Café em silêncio
* Por Daniel Santos
Nunca foi rapaz
desses atirados que, no escuro do cinema ou na penumbra da varanda, forçam a
mão da namorada a segurar pelo cabresto o que escoiceia sem aceitar doma,
embora ela resista e se faça de pudica.
Mas parece que
namorou algumas e até noivou, se bem não passasse disso. Depois, meteu-se de
vez com os livros, tornou-se ranzinza e ainda hoje mora com a mãe que o
sustenta, mas sempre lhe pede netos.
Sabe, no fundo,
que ele não procriará e se pergunta nas insônias onde foi que errou. Talvez lhe
faltasse pai, um homem que o escorraçasse para a rua, mode a aprender a lutar
pela vida e a ganhar dinheiro.
Sabe-se lá o que
faltou! O problema é esse: terá de o sustentar até o final, embora o queira
distante, cuidando da própria família. E, por mais que se esforce (ah, que
patético!), não sente mais por ele o antigo carinho.
A par disso, é um
bom rapaz, lá isso é.
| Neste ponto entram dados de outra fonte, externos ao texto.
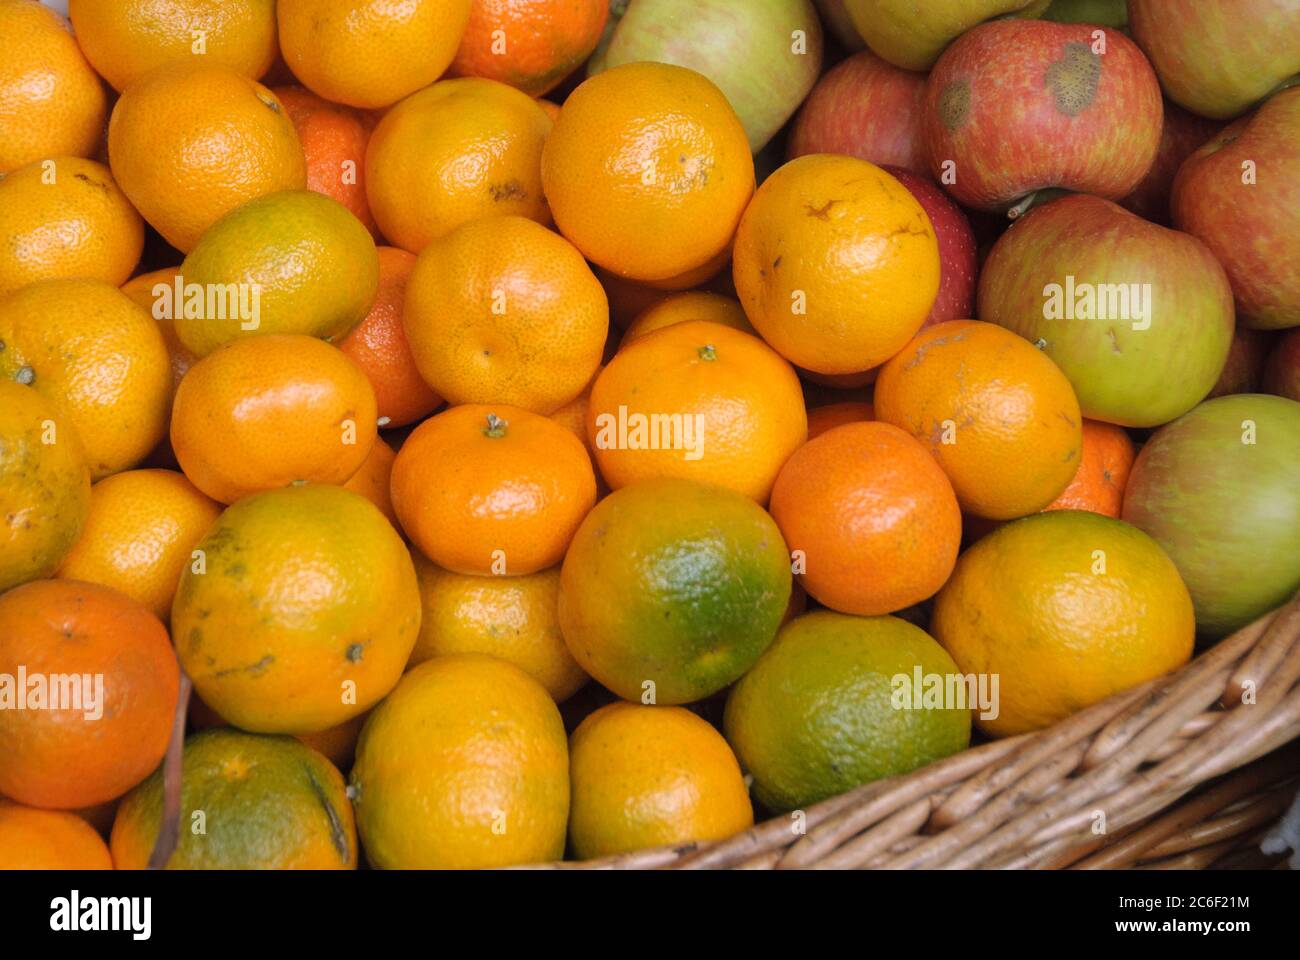 Gewoehnliche Mandarine, Citrus reticulata, Ordinary mandarin, Citrus reticulata Stock Photo
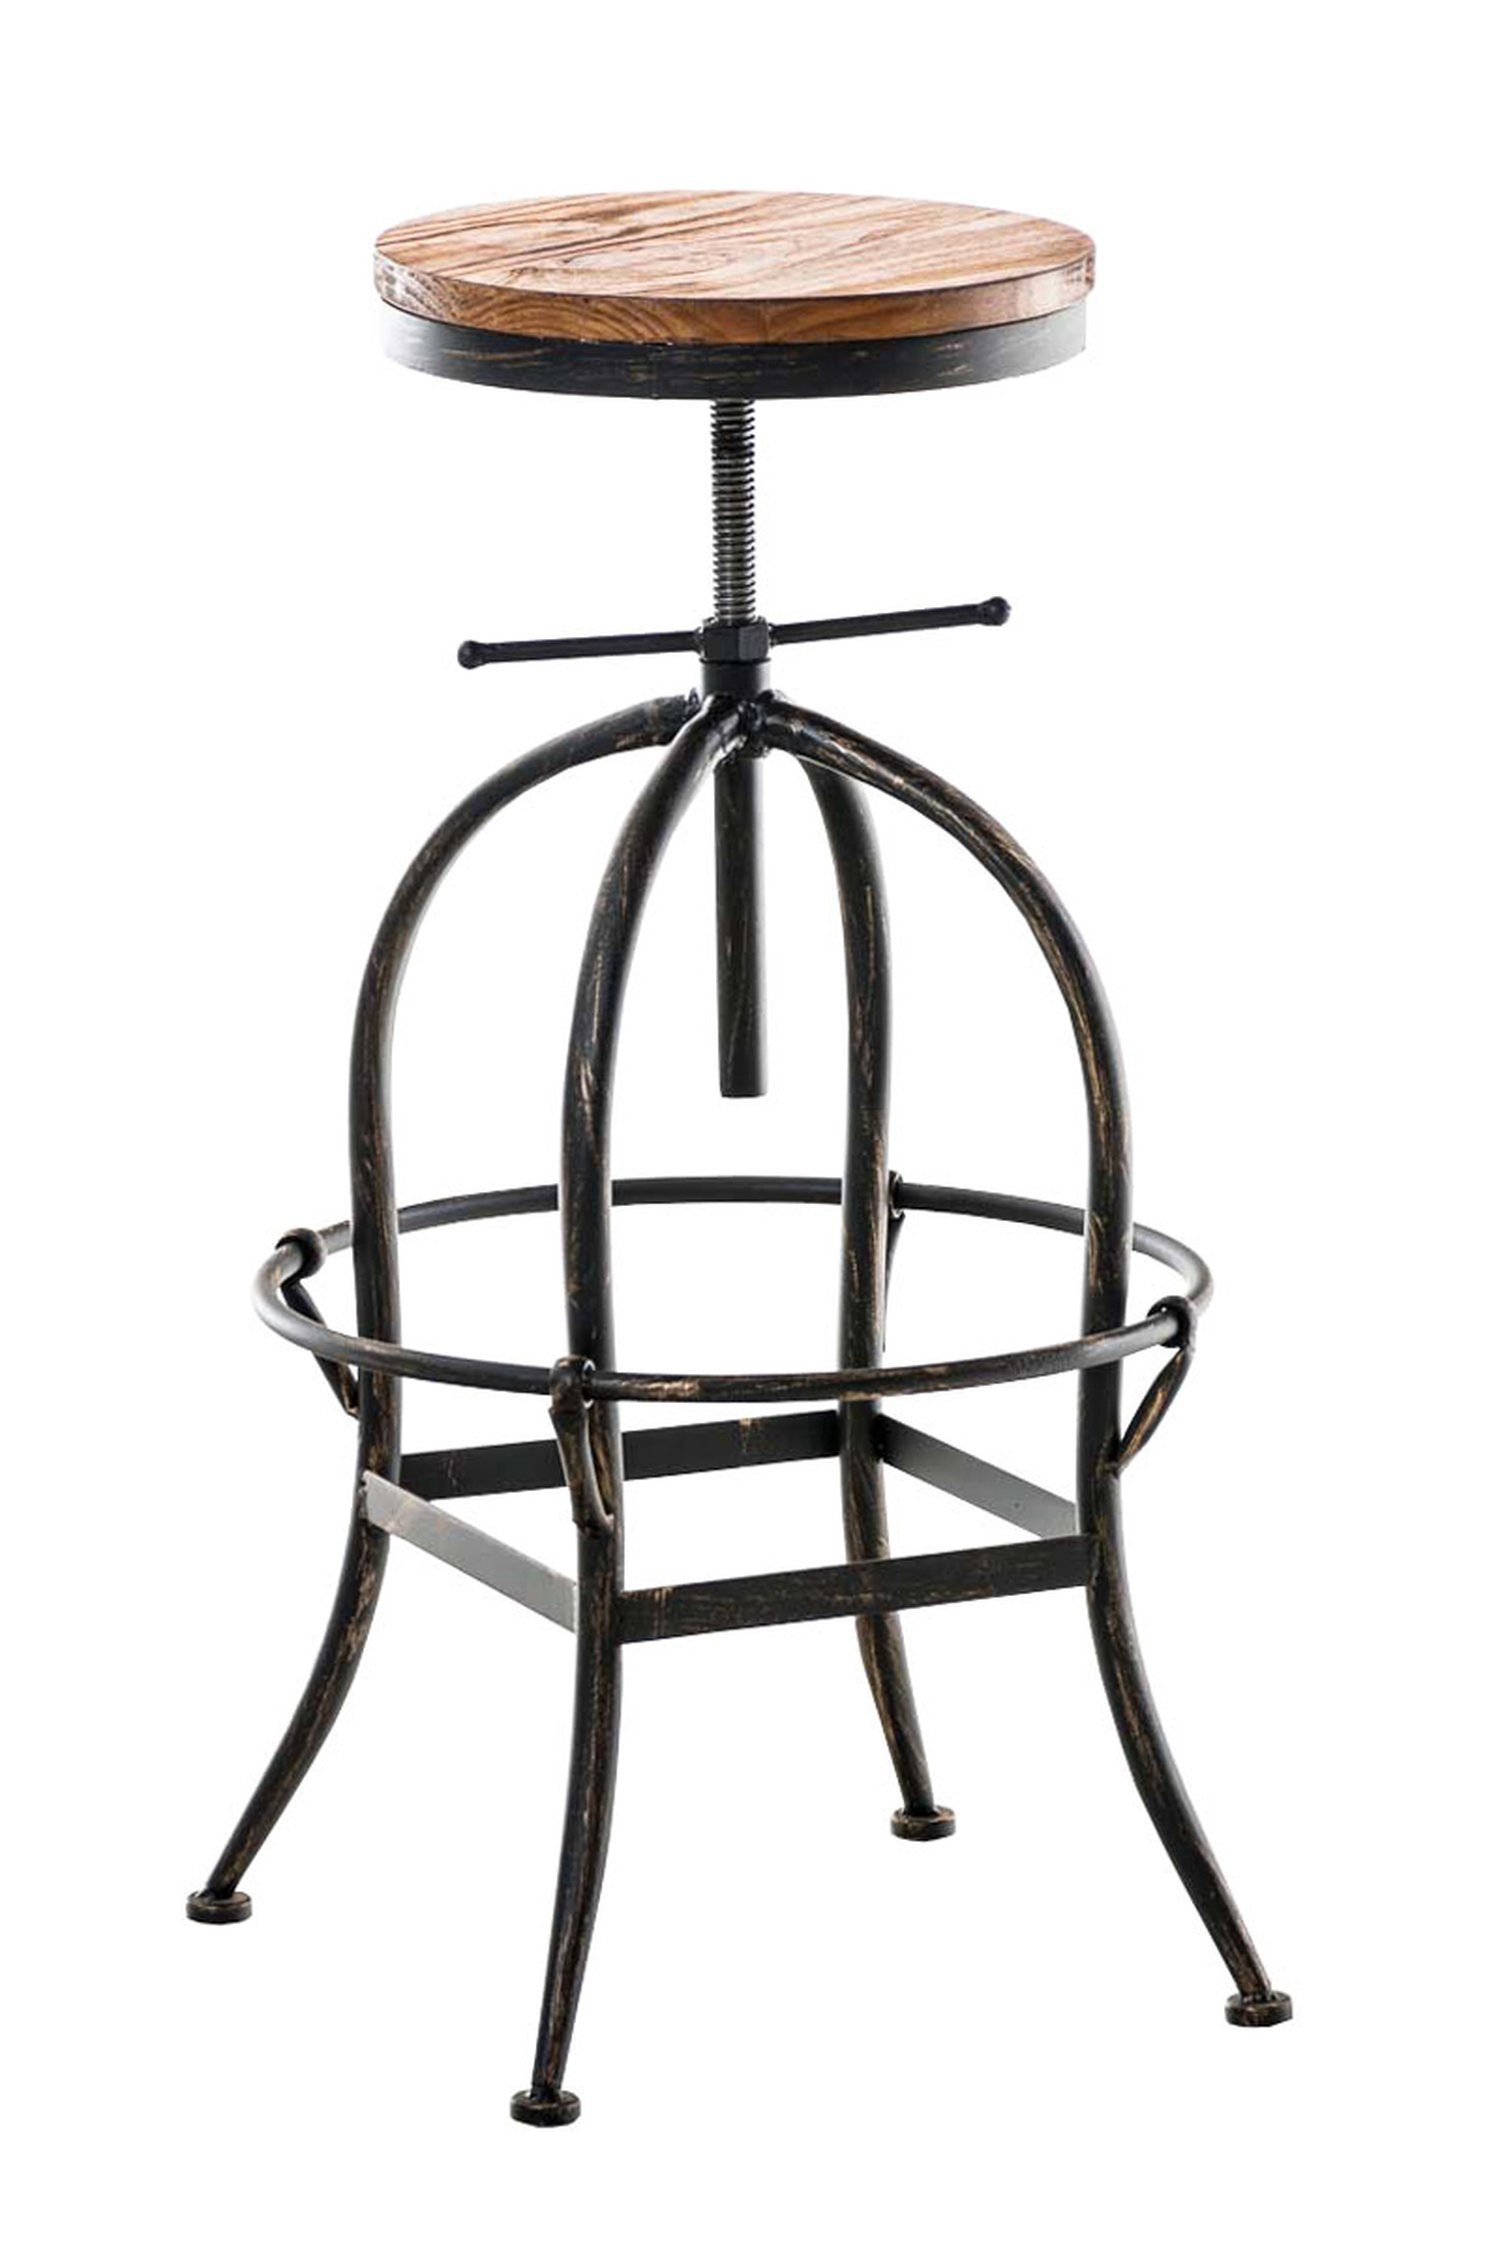 Tresenhocker für angenehmer Gestell Theke Küche), mit bronze Barhocker Hocker & TPFLiving 4-Fuß - (mit - Metall Holz Fußstütze Sitzfläche: Strong

E prestativo. Manhãzinha, sai ainda remelento para
comprar leite e pão. Estende a toalha na mesa da cozinha e chama a mãe. Tomam
café em silêncio. Há
tempos é assim.
* Jornalista carioca. Trabalhou
como repórter e redator nas sucursais de "O Estado de São Paulo" e da
"Folha de São Paulo", no Rio de Janeiro, além de "O Globo".
Publicou "A filha imperfeita" (poesia, 1995, Editora Arte de Ler) e
"Pássaros da mesma gaiola" (contos, 2002, Editora Bruxedo). Com o
romance "Ma negresse", ganhou da Biblioteca Nacional uma bolsa para
obras em fase de conclusão, em 2001.
Faz pensar, refletir sobre o "encompridamento" da adolescência que avança sobre os 40 e até 50 anos. Muito mais não vai porque a mãe morre.